Rwanda traditional architecture on display in Venice

Rwanda is for the first time participating in the International Architecture Exhibition running from August 29 to November 21, in the Italian city of Venice. The event, in which 53 countries have pavilions, is aimed at drawing attention to the use of traditional techniques and materials in design and architecture.

Monday, August 30, 2010

Rwanda is for the first time participating in the International Architecture Exhibition running from August 29 to November 21, in the Italian city of Venice.

The event, in which 53 countries have pavilions, is aimed at drawing attention to the use of traditional techniques and materials in design and architecture.
Participants include architects, engineers and artists from around the world.

The event’s Director, Kazuyo Sejima, said in a statement that this year’s event should be a reflection on architecture, adding that the idea is to help people relate to architecture, to help architecture relate to people, and to help people relate to themselves.

"The twenty-first century has just started. Many radical changes are taking place. In such a rapid-changing context, can architecture clarify new values and a new lifestyle for the present?” posed Sejima.

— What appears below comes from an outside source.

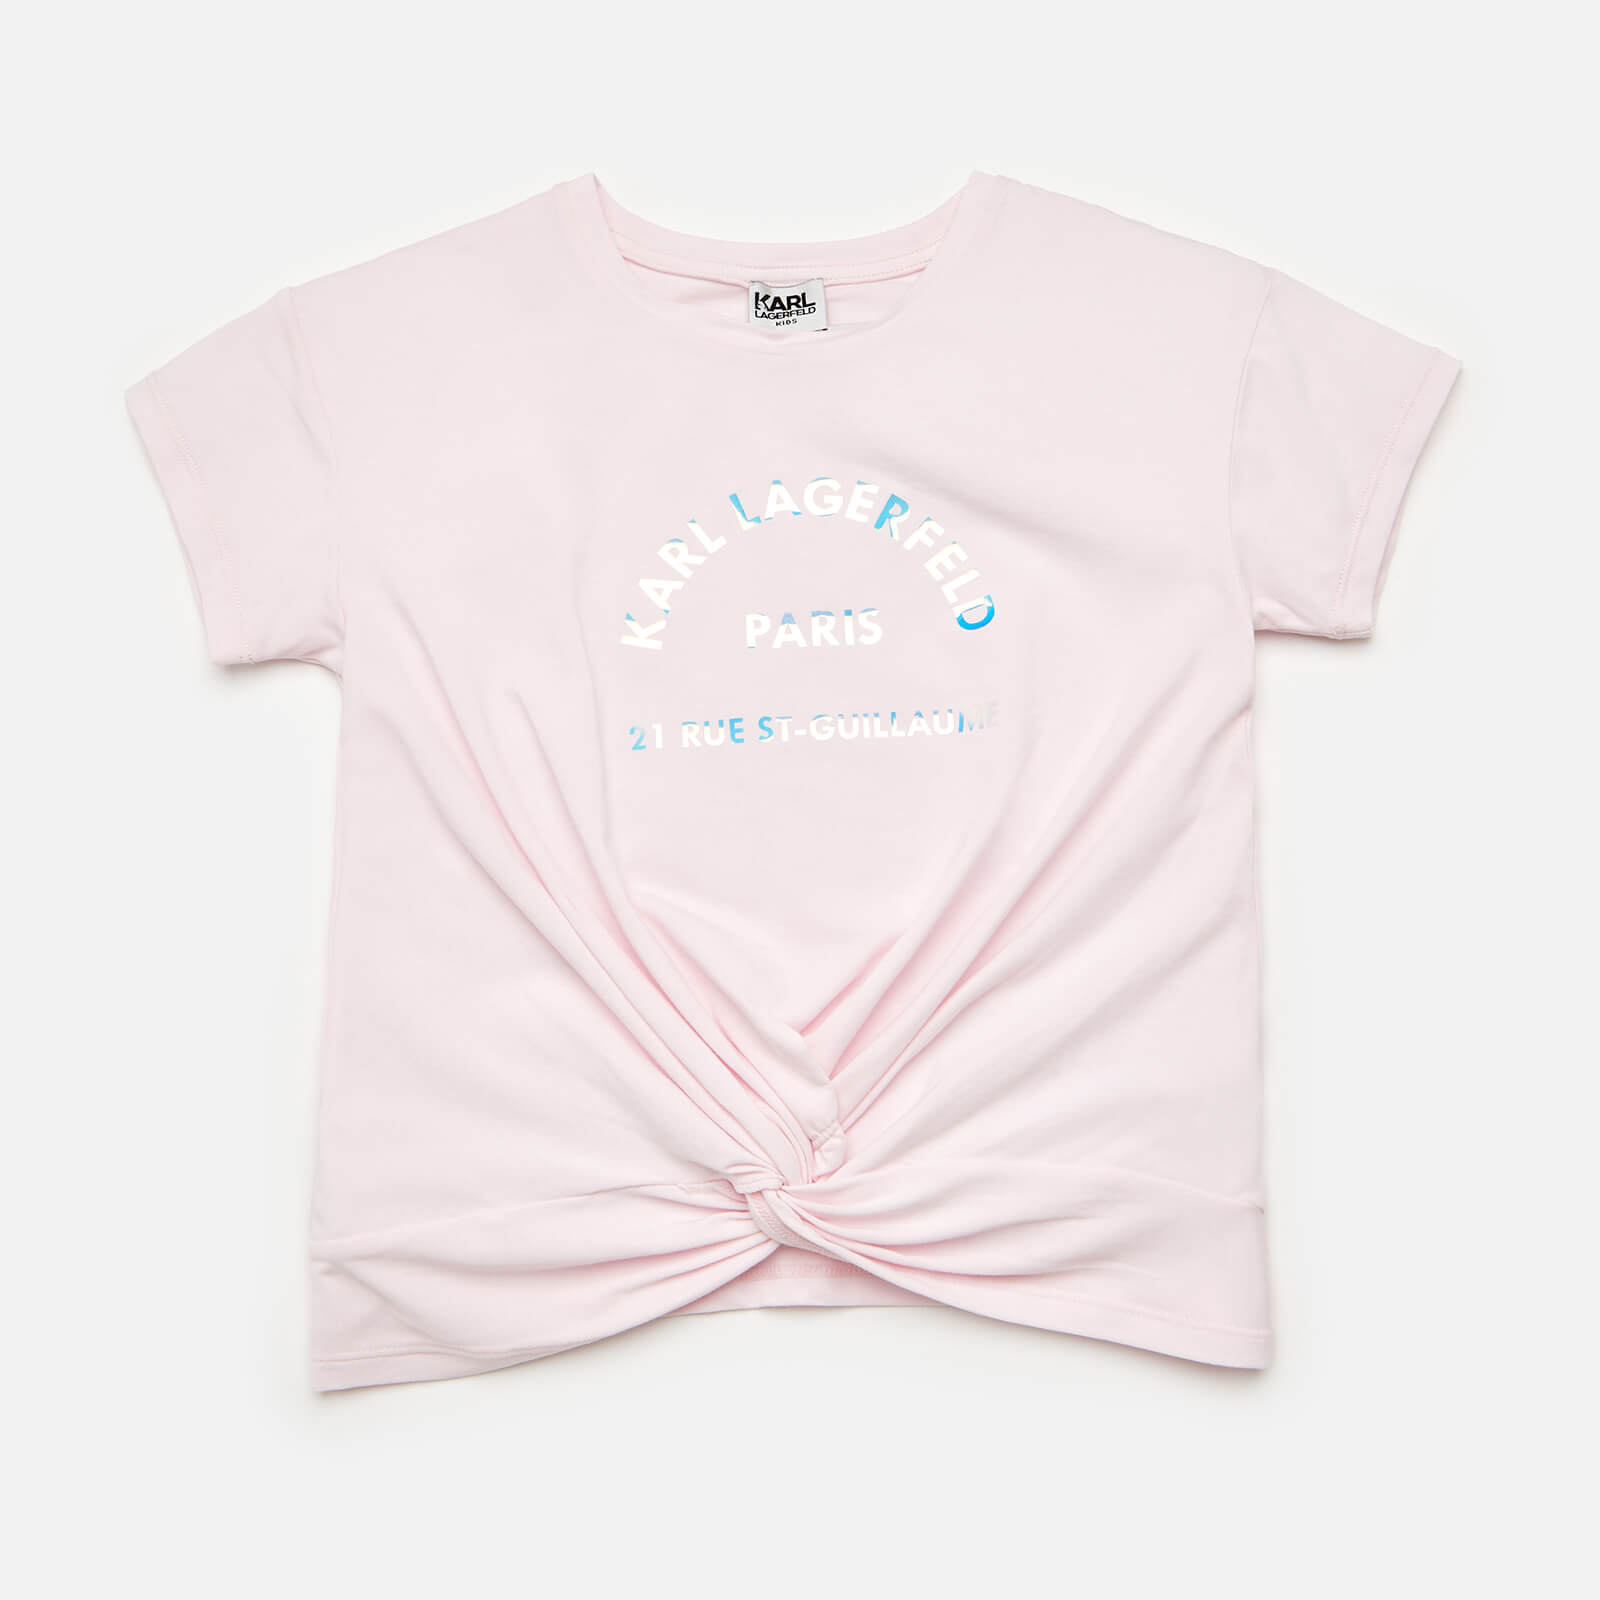 KARL LAGERFELD Girls' Tie Front T-Shirt - Pink - 6 Years
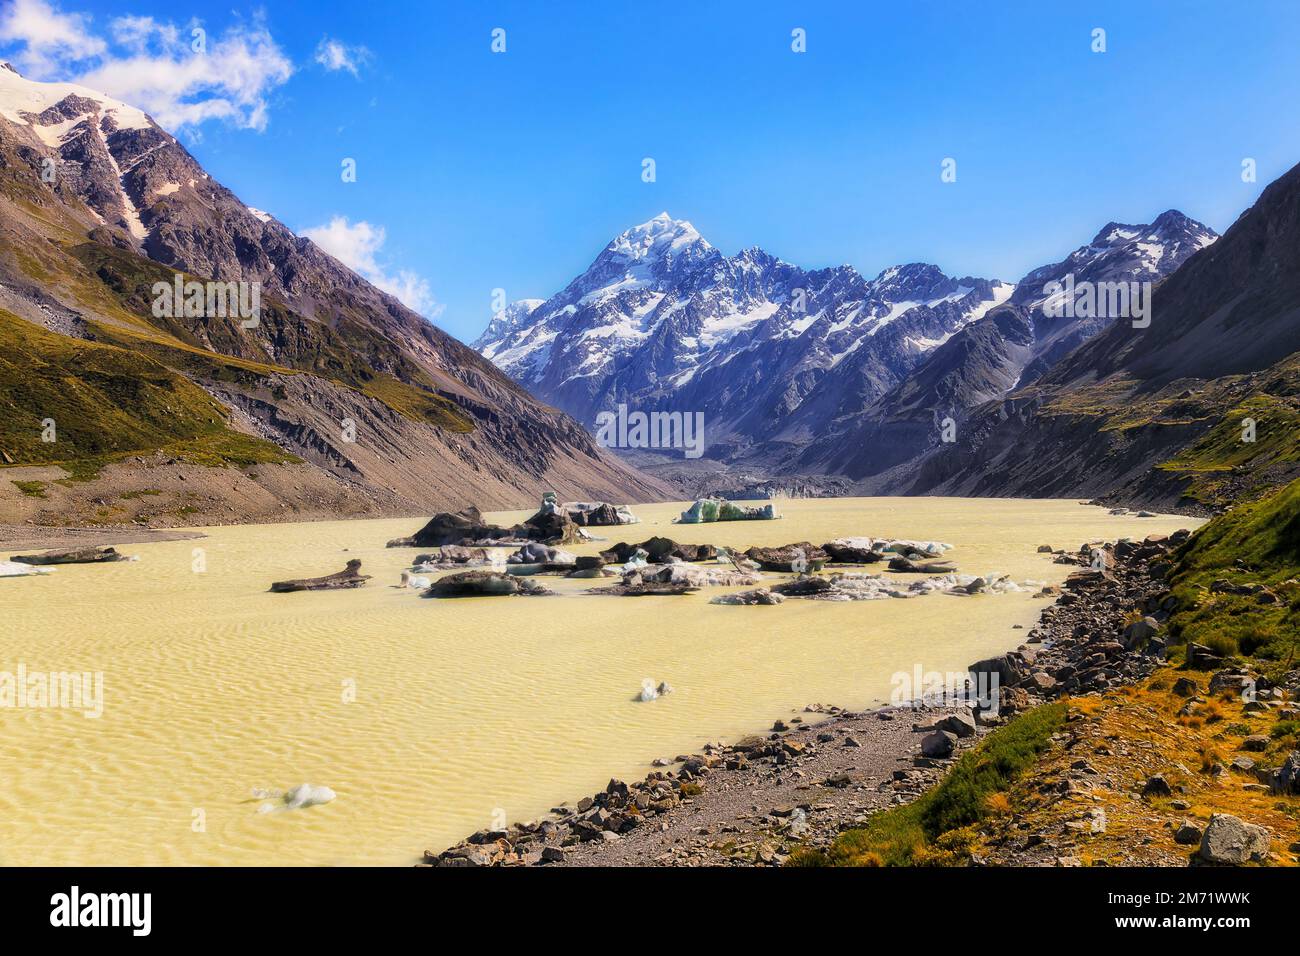 Observation point on Hooker lake to Mt Cook in mountains of New Zealand - scenic landscape. Stock Photo

"Hopefully, this show will be a chance to experience the manifold possibilities of architecture, as well as to account for its plurality of approaches, each one of them being a different way of living.”

Rwanda’s exhibitions show how traditional weaving techniques and natural fibres can be used to create necklaces or shoes, how ash and cow dung can decorate modern walls and how alternatives to paper can be used in making handmade books.

"Today, before we throw away vegetable fibres we have to think again,” Josephine Malonza, the acting Dean in the Faculty of Architecture at the Kigali Institute of Science and Technology (KIST) told a seminar on Saturday, at the Rwanda’s pavilion.

Prominent Burkina Faso architect Francis Kere on Saturday noted that Africans have alternatives to air-conditioning, and mud is a material that is perfectly adapted to the African situation.

Apart from Rwanda, other first-time national participations include Albania, Kingdom of Bahrain, Iran, Malaysia and Morocco.